Excel Copilot Built Me a Trading Strategy in 90 Seconds — Here’s Why That’s the Most Dangerous Demo in Finance

TL;DR: We prompted Excel Copilot to build and backtest a trading strategy on VTI. It delivered a Golden Cross strategy with a 0.67 Sharpe ratio in 90 seconds — outperforming buy-and-hold by 12%. The problem: writing a strategy is 10% of the trading decision. Position sizing, risk management, slippage modelling, regime detection, and anti-overfitting validation are the other 90%. Copilot gives you the easy 10% — and when every retail trader runs the same LLM-generated strategy, it stops being alpha and starts being a crowded trade headed for a liquidation cascade.

A modern office at night with a computer displaying upward-trending financial graphs and a Sharpe ratio of 0.67, while a window shows a red trading screen with “Circuit Breaker Triggered.”.

Can Excel Copilot Build a Profitable Trading Strategy?

We tested this with a single prompt:

Create a thorough backtest of any trading moving averages strategy on VTI ETF. Choose the one you prefer.

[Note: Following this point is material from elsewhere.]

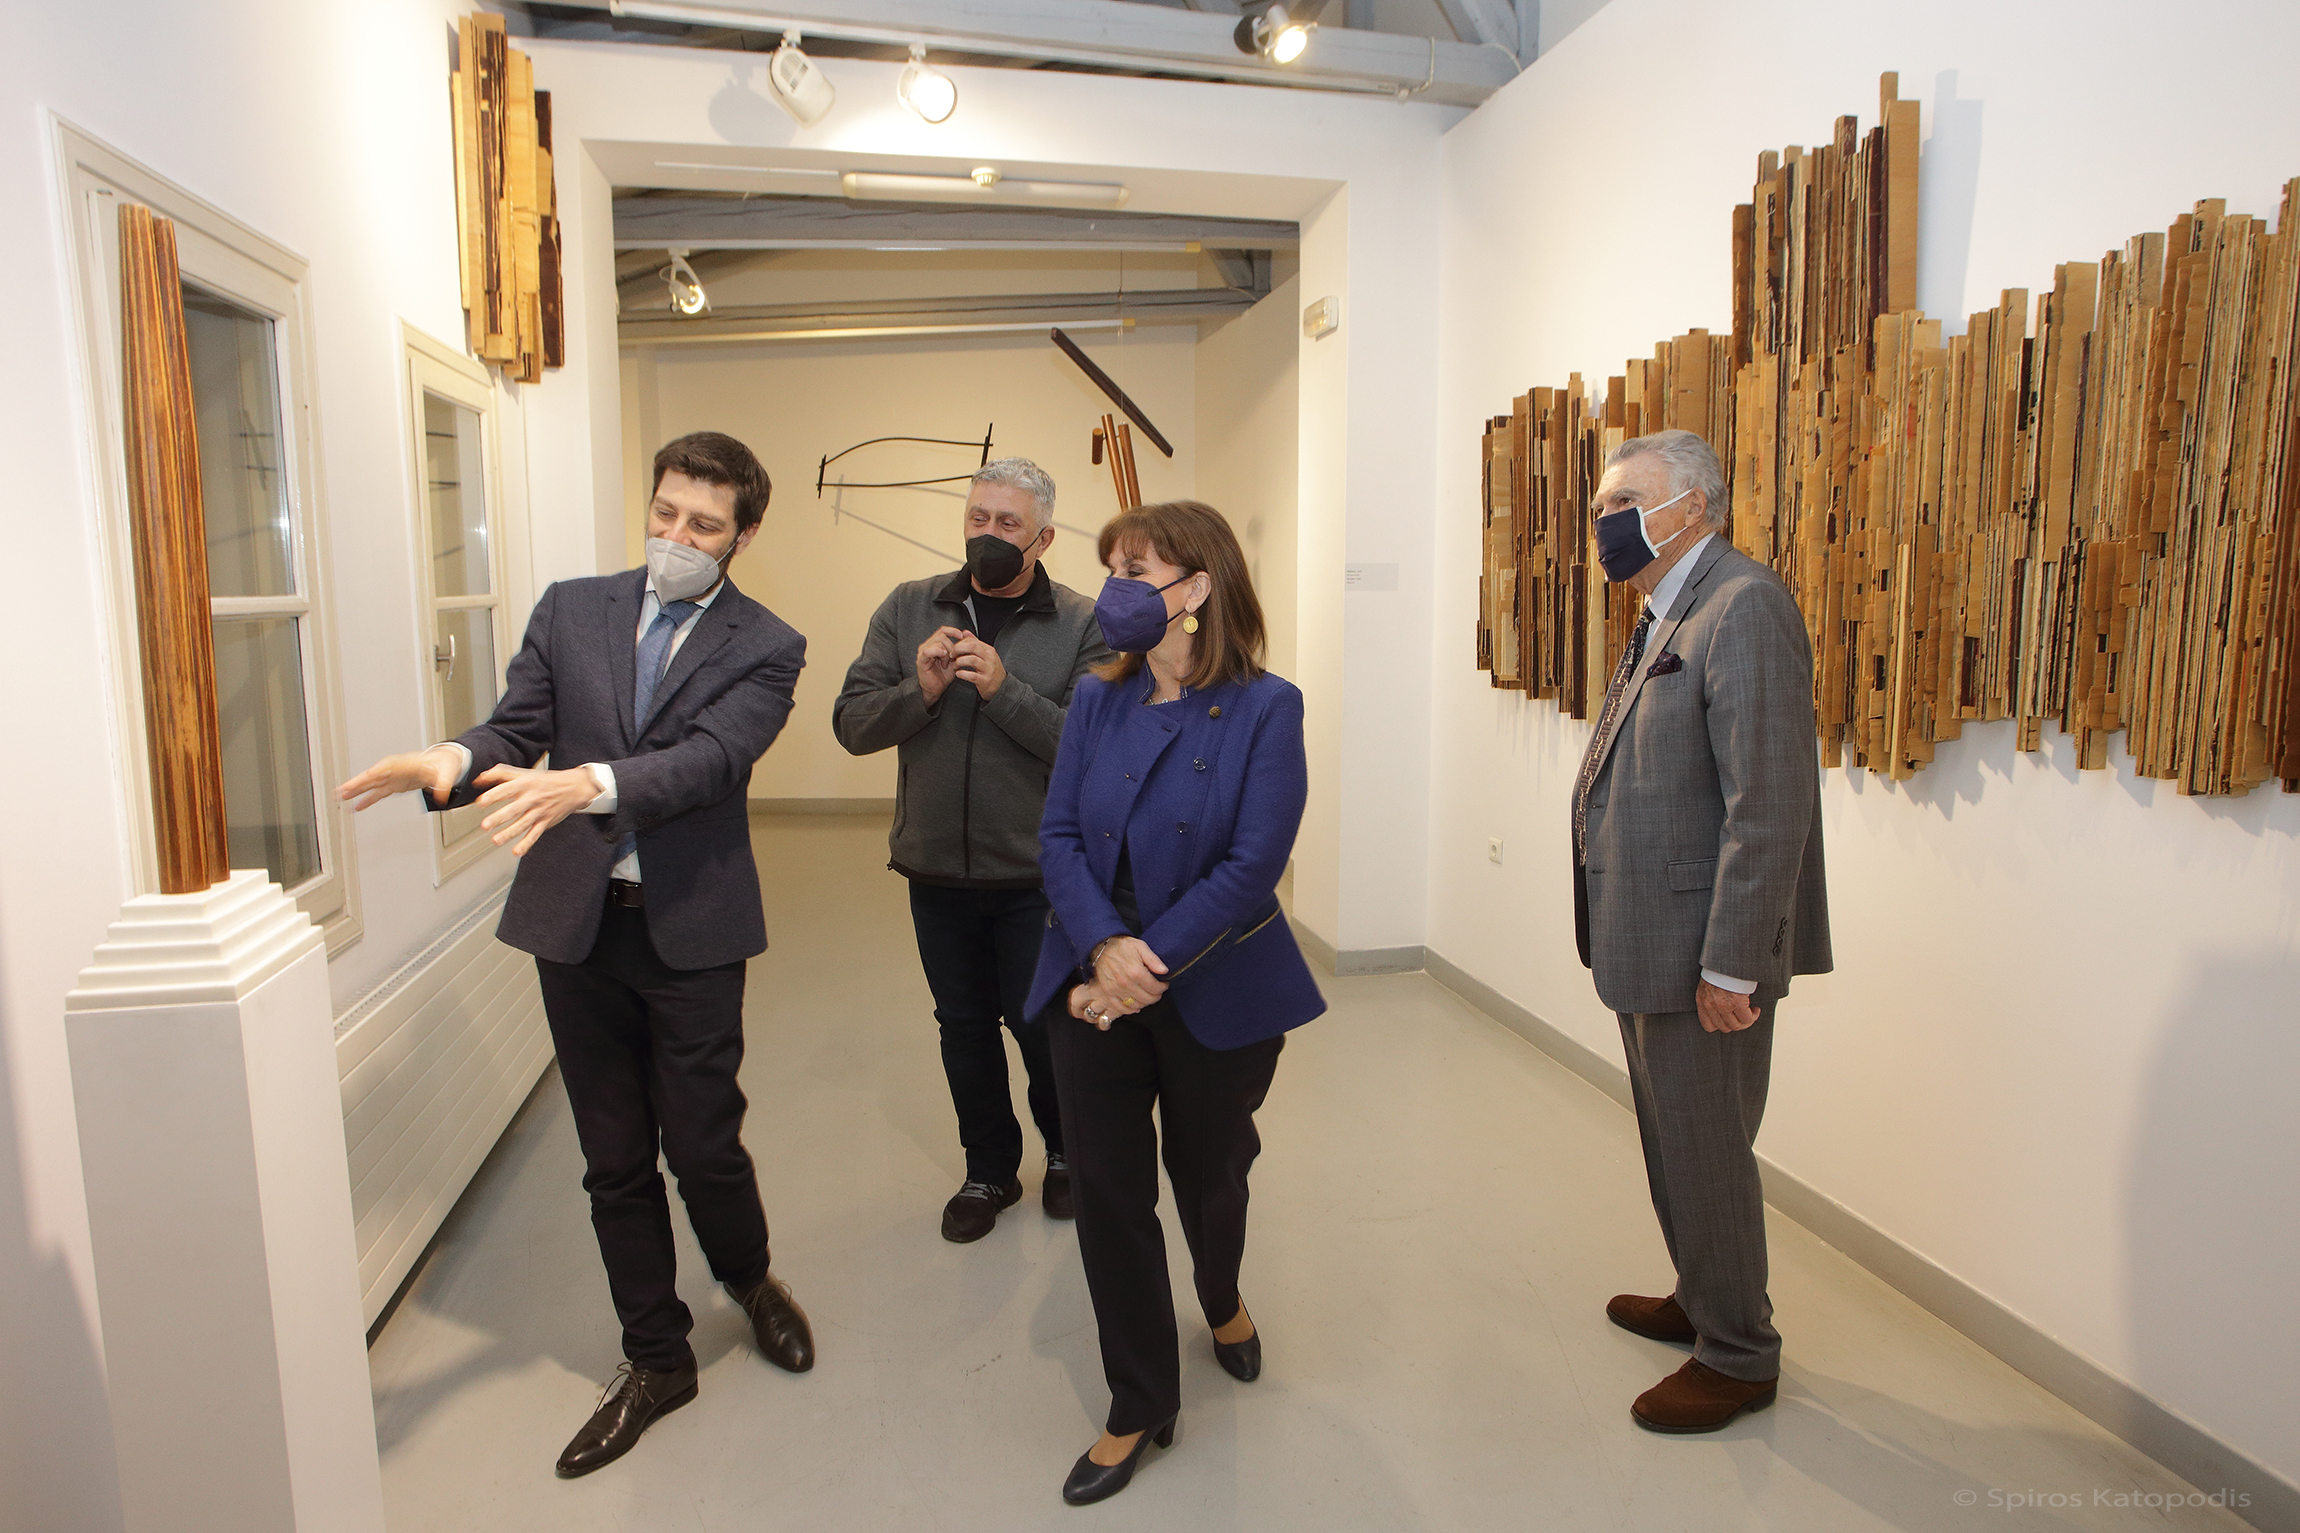 Στιγμιότυπα από την επίσκεψη της κ. Κατερίνας Σακελλαροπούλου, Προέδρου της Δημοκρατίας στο MOMus-Μουσείο Άλεξ Μυλωνά. Φωτ. Σπύρος Κατωπόδης

From Jan 1, 2020 to today. Daily data. Create a workbook for a portfolio manager to help uncover key insights.
Screenshot of a Copilot AI tool summarizing a backtest for a moving average crossover strategy on VTI ETF, showing performance metrics, trade statistics, and brief instructions on creating the backtest and workbook.

Copilot reasoned through 18 steps and delivered a 50-day / 200-day Moving Average Crossover Strategy (Golden Cross / Death Cross) backtest with five Excel sheets: Dashboard, Price_Data, Signals, Performance_Metrics, and Monthly_Returns.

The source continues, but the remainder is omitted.